🤖 AI Summary
Coordinating parallel execution and sequential collaboration remains challenging in long-horizon, high-contact-complexity bimanual manipulation tasks.
Method: This paper proposes a hierarchical planning and scheduling framework: (i) a low-level reinforcement learning module learns a library of fundamental single- and bimanual skills; (ii) a mid-level Transformer architecture models skill composition sequences to jointly predict skill cascades and their parameters; and (iii) a high-level coordinator enables hybrid control—supporting both parallel skill invocation and synchronized collaborative execution.

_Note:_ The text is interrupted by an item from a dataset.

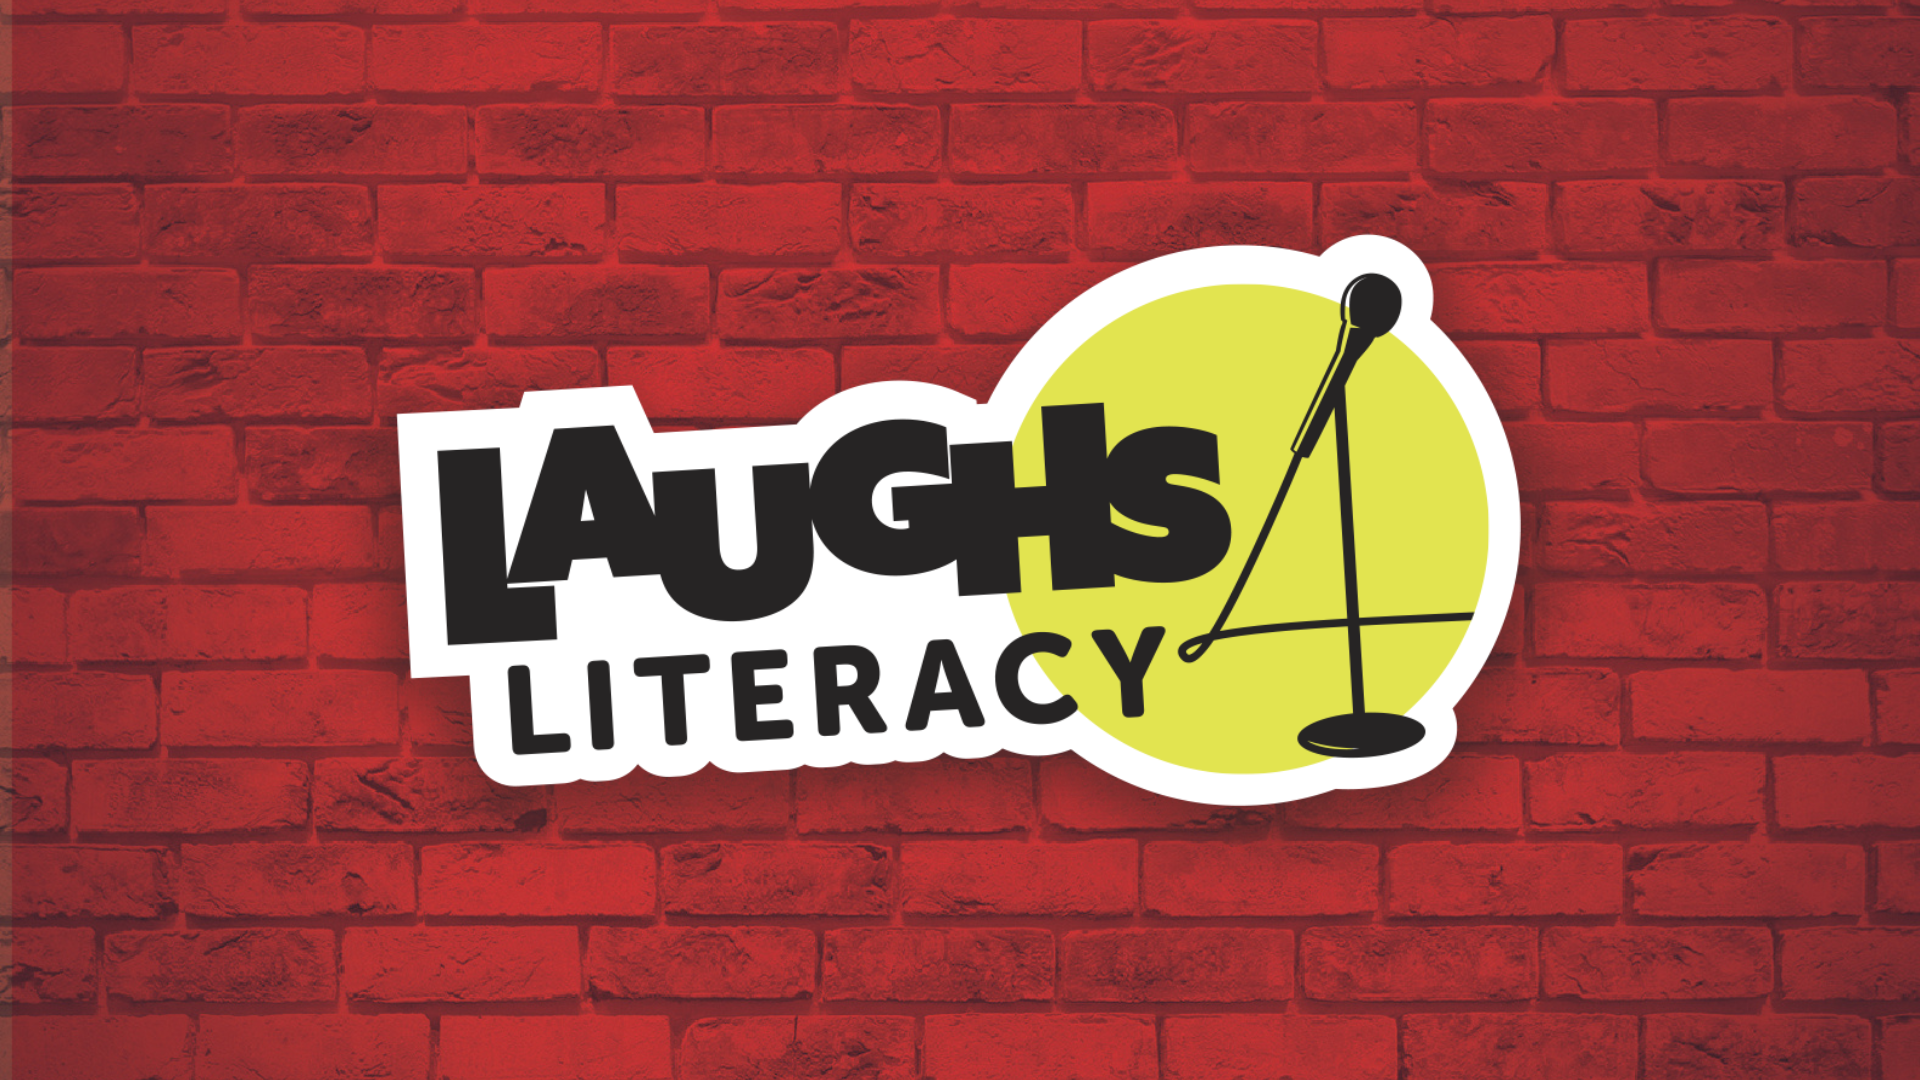 Image of Laughs4Literacy logo
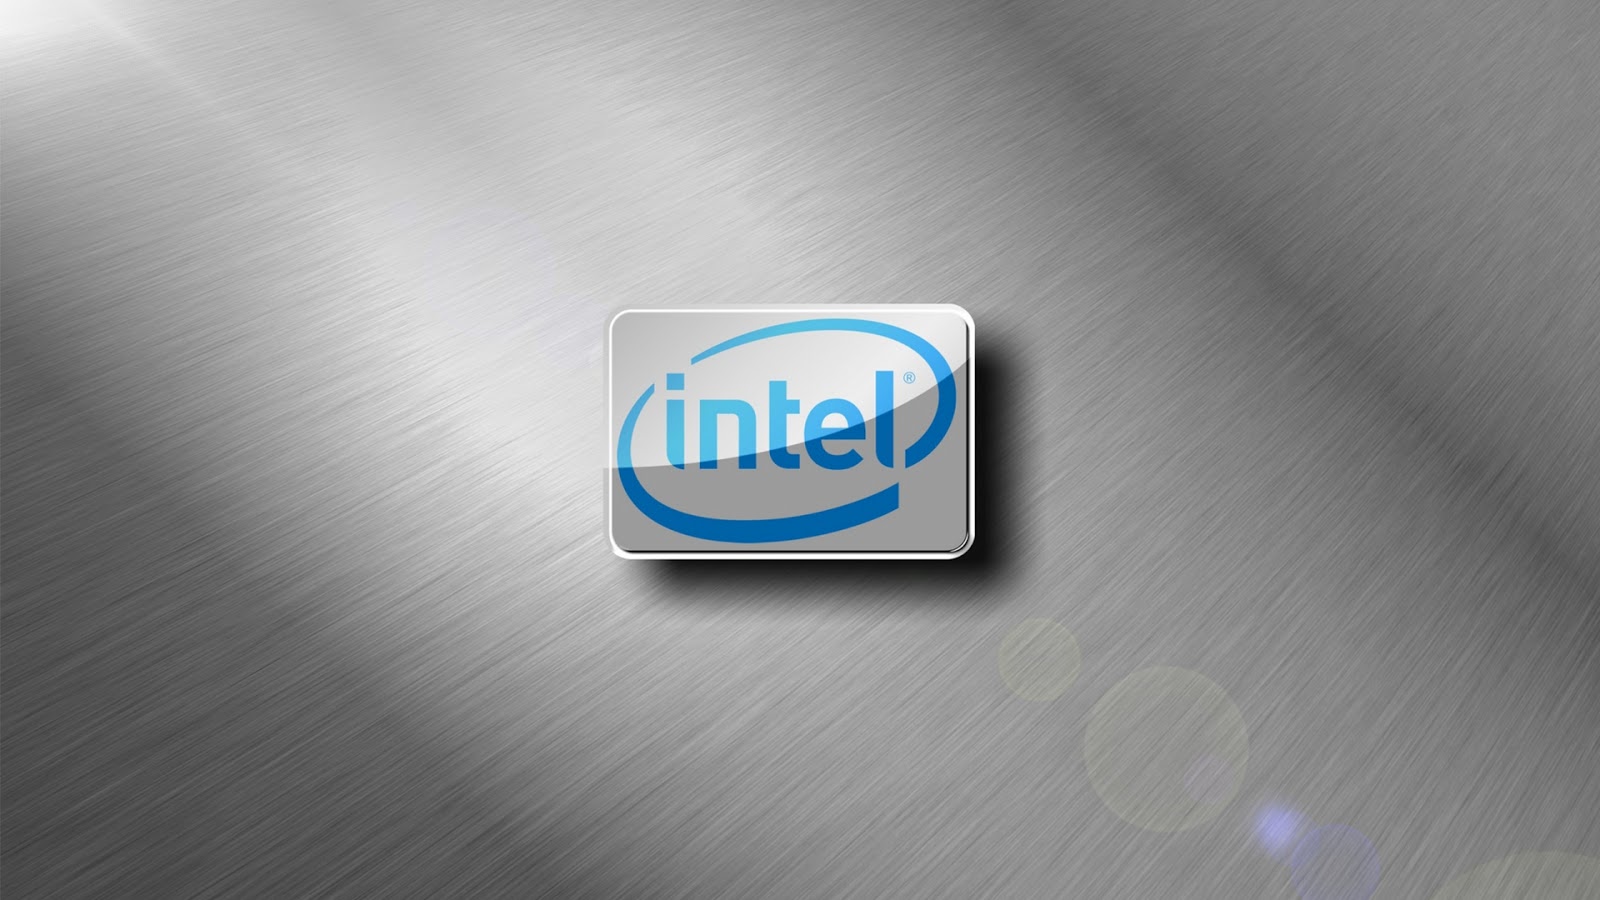 Intel Wallpaper Hd Related Keywords Suggestions   Intel Wallpaper Hd

Contribution/Results: The framework breaks from conventional sequential decision-making paradigms, significantly improving task success rates and behavioral coordination in long-horizon, high-contact scenarios. Empirical evaluation demonstrates superior robustness and generalization compared to end-to-end reinforcement learning and classical sequential planners.
📝 Abstract
Long-horizon contact-rich bimanual manipulation presents a significant challenge, requiring complex coordination involving a mixture of parallel execution and sequential collaboration between arms. In this paper, we introduce a hierarchical framework that frames this challenge as an integrated skill planning & scheduling problem, going beyond purely sequential decision-making to support simultaneous skill invocation. Our approach is built upon a library of single-arm and bimanual primitive skills, each trained using Reinforcement Learning (RL) in GPU-accelerated simulation. We then train a Transformer-based planner on a dataset of skill compositions to act as a high-level scheduler, simultaneously predicting the discrete schedule of skills as well as their continuous parameters. We demonstrate that our method achieves higher success rates on complex, contact-rich tasks than end-to-end RL approaches and produces more efficient, coordinated behaviors than traditional sequential-only planners.